PROBLEM DESCRIPTION: Search the listing below for the string "from", then copy every line it appears in.

DATA PROVIDED:
_ _ _ _ _ _ _

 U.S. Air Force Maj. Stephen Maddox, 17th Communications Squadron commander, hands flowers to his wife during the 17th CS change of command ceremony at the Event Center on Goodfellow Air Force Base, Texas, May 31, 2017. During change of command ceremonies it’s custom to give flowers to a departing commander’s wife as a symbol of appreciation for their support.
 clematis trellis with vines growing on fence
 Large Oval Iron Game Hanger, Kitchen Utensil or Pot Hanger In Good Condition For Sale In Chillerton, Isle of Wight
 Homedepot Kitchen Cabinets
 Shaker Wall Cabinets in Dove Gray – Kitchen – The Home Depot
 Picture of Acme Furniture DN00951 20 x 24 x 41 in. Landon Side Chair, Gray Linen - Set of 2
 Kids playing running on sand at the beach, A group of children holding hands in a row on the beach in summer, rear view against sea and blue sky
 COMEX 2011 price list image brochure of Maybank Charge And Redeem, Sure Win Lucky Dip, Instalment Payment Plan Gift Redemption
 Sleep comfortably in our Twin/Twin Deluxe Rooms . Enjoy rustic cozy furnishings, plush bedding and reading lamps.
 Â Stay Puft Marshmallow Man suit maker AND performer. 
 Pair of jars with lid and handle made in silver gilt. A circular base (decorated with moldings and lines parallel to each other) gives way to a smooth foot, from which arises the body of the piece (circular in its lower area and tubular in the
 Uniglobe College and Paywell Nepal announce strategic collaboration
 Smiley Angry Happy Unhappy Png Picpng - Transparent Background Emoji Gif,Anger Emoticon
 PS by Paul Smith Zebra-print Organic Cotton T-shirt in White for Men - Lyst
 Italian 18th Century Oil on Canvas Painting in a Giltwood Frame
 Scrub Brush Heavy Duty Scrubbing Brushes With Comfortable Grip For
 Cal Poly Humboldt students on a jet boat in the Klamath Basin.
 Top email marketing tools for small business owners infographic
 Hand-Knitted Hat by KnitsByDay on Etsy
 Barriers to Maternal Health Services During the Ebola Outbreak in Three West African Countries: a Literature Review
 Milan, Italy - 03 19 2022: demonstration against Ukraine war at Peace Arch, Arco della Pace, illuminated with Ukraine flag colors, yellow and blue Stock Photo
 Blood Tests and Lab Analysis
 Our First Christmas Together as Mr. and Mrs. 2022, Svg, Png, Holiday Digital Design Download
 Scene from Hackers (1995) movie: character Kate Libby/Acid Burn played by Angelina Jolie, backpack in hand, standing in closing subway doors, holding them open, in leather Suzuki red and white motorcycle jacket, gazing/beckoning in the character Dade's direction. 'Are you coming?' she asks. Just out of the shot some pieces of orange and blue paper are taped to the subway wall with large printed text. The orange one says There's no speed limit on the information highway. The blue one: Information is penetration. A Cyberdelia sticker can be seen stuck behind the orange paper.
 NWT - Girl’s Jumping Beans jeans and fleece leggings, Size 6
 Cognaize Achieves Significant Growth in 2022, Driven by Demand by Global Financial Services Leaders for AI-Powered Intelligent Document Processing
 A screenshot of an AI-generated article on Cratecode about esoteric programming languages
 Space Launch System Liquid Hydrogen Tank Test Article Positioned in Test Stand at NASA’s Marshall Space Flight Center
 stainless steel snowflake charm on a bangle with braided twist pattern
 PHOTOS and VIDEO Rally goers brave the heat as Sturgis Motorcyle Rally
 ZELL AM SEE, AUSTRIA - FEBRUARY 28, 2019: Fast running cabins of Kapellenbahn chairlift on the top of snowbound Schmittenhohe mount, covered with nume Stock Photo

_ _ _ _ _ _ _

RESULT FOR THIS EXERCISE:
 Pair of jars with lid and handle made in silver gilt. A circular base (decorated with moldings and lines parallel to each other) gives way to a smooth foot, from which arises the body of the piece (circular in its lower area and tubular in the
 Scene from Hackers (1995) movie: character Kate Libby/Acid Burn played by Angelina Jolie, backpack in hand, standing in closing subway doors, holding them open, in leather Suzuki red and white motorcycle jacket, gazing/beckoning in the character Dade's direction. 'Are you coming?' she asks. Just out of the shot some pieces of orange and blue paper are taped to the subway wall with large printed text. The orange one says There's no speed limit on the information highway. The blue one: Information is penetration. A Cyberdelia sticker can be seen stuck behind the orange paper.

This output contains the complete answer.